Dor Amir

Posted on Feb 17

I kept hitting the "quota wall" with AI coding tools. So I built a router.

#llm #python #opensource #openai

If you use OpenClaw, Codex, Cursor, or Claude Code, you've probably seen the same thing: your premium model quota disappears halfway through the week.

I finally looked at my own usage logs and the cause was obvious:

Most prompts weren't "hard." They were boring utility work:

"Summarize this paragraph"
"Reformat this JSON"
"Explain this error"
"Convert this to TypeScript"

Those prompts don't need Opus or GPT-4 class models. But they were getting sent there anyway, burning quota like it's free.

What I found in my data

After a week of logs, the distribution was consistent:

~55% simple: summarize / format / translate / explain
~25% medium: write a function / debug
~15% complex: refactor / architecture
~5% reasoning-heavy: tradeoffs / proof-style reasoning

So the real problem wasn't "I need more quota."
It was "my tools don't know when not to use the premium model."

NadirClaw: open-source LLM routing as a local proxy

I built NadirClaw, an OpenAI-compatible proxy that sits between your AI tool and your model providers.

It classifies each request in ~10ms (sentence embeddings) and routes automatically:

Simple → Gemini Flash or Ollama (free/cheap)
Complex → Sonnet (or your preferred premium)
Reasoning-heavy → Opus / GPT-class reasoning models
Agentic prompts → auto-detected and forced to premium (cheap models fall apart here)

The features that matter

Agentic detection: tool-use + loop-style prompts route to premium automatically
Session pinning: multi-turn chats stay on one model (no context breakage)
429 fallback: rate-limit hits fail over instead of breaking your flow
Routing profiles: auto, eco, premium, free, reasoning
Reporting: breakdown of tiers, latency, and token usage from JSONL logs

Results (after 2 weeks)

Premium quota lasted the full week (instead of dying by Wednesday)
~60% of prompts moved to free/cheap models with no noticeable quality drop
Added overhead stayed ~8-12ms per request

Works with your existing tools

Because it speaks the OpenAI Chat Completions API, it works with:
OpenClaw, Codex, Cursor, Claude Code, Continue, and most OpenAI-compatible clients.
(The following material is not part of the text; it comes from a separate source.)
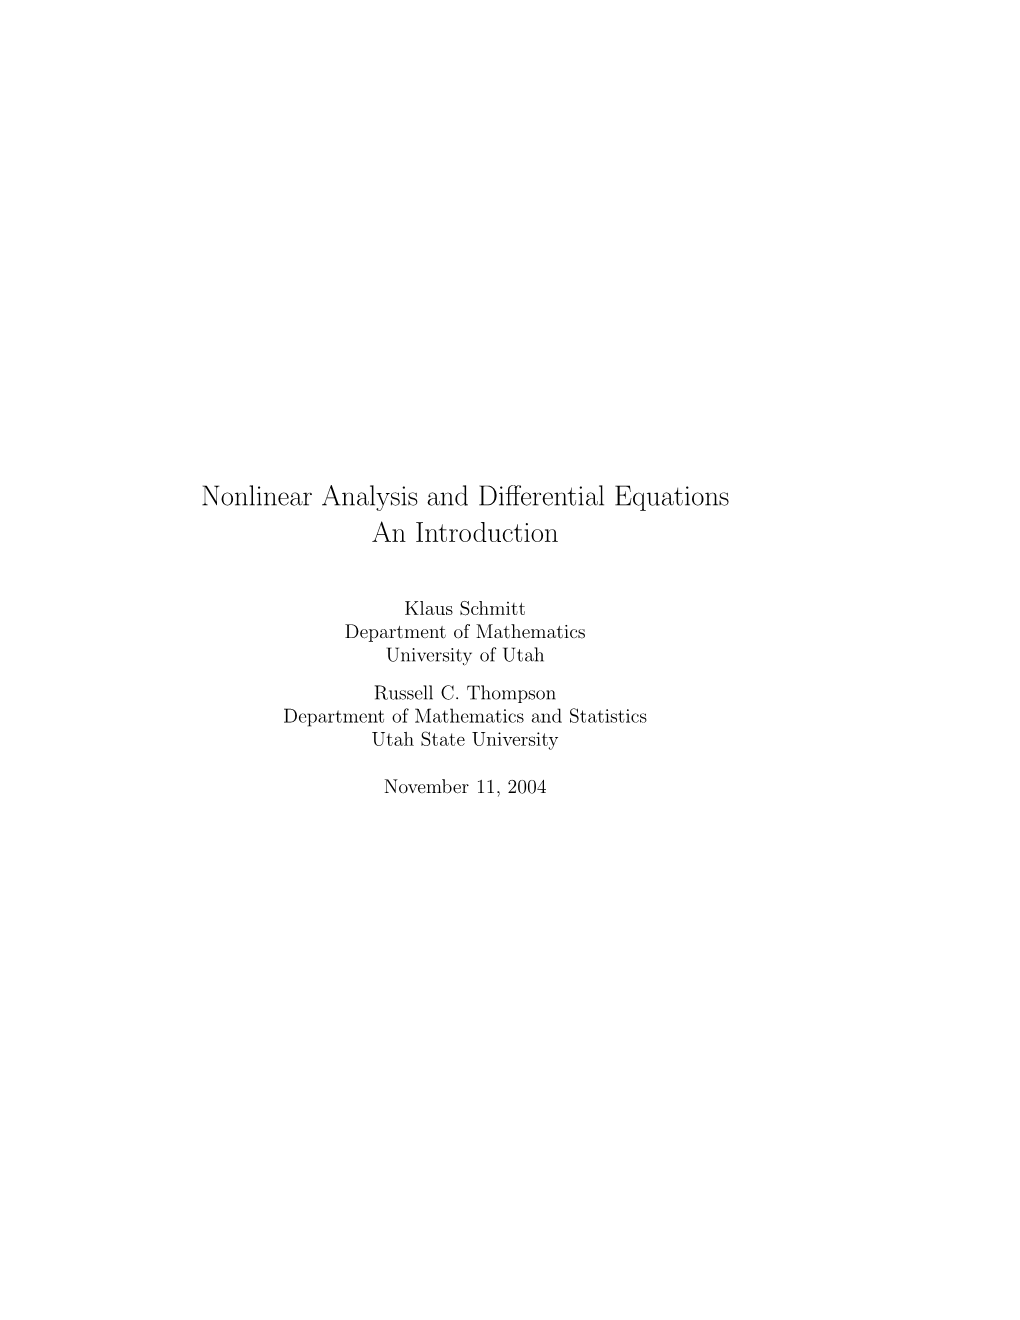 Nonlinear Analysis and Differential Equations an Introduction

Providers supported: Gemini (native), OpenAI, Anthropic, Ollama, and anything LiteLLM supports.

Quick start

pip install nadirclaw
nadirclaw serve --verbose

GitHub: https://github.com/doramirdor/NadirClaw

MIT licensed. Actively maintained.

If you're drowning in quota burn, this is the fix: route the easy stuff away from premium models automatically.

Top comments (1)

signalstack • Feb 17

This is exactly the problem we ran into when building multi-agent pipelines. The naive approach — one model for everything — burns through quota fast and adds unnecessary latency for trivial tasks.

A few things we learned the hard way:

Classification latency matters a lot at scale. 10ms is solid, but once you're routing thousands of requests per hour, even your classifier becomes a bottleneck if it's not async. We ended up batching low-priority classification jobs.

Failure modes between providers are different, not just in rate limits but in how they fail. Anthropic tends to return 529s under load while OpenAI is more likely to quietly degrade quality. Took us a while to build detection for the second case.

The 70/20/10 distribution you found matches what we see too. The real unlock is building confidence thresholds — if the router isn't sure, default to premium. False economy to save quota and get garbage output on something borderline.

Have you looked at adding feedback loops? If a "lite" routed request comes back with low quality markers (short output, high refusal rate, user correction patterns), automatically escalating those task types over time would make the classification smarter without manual tuning.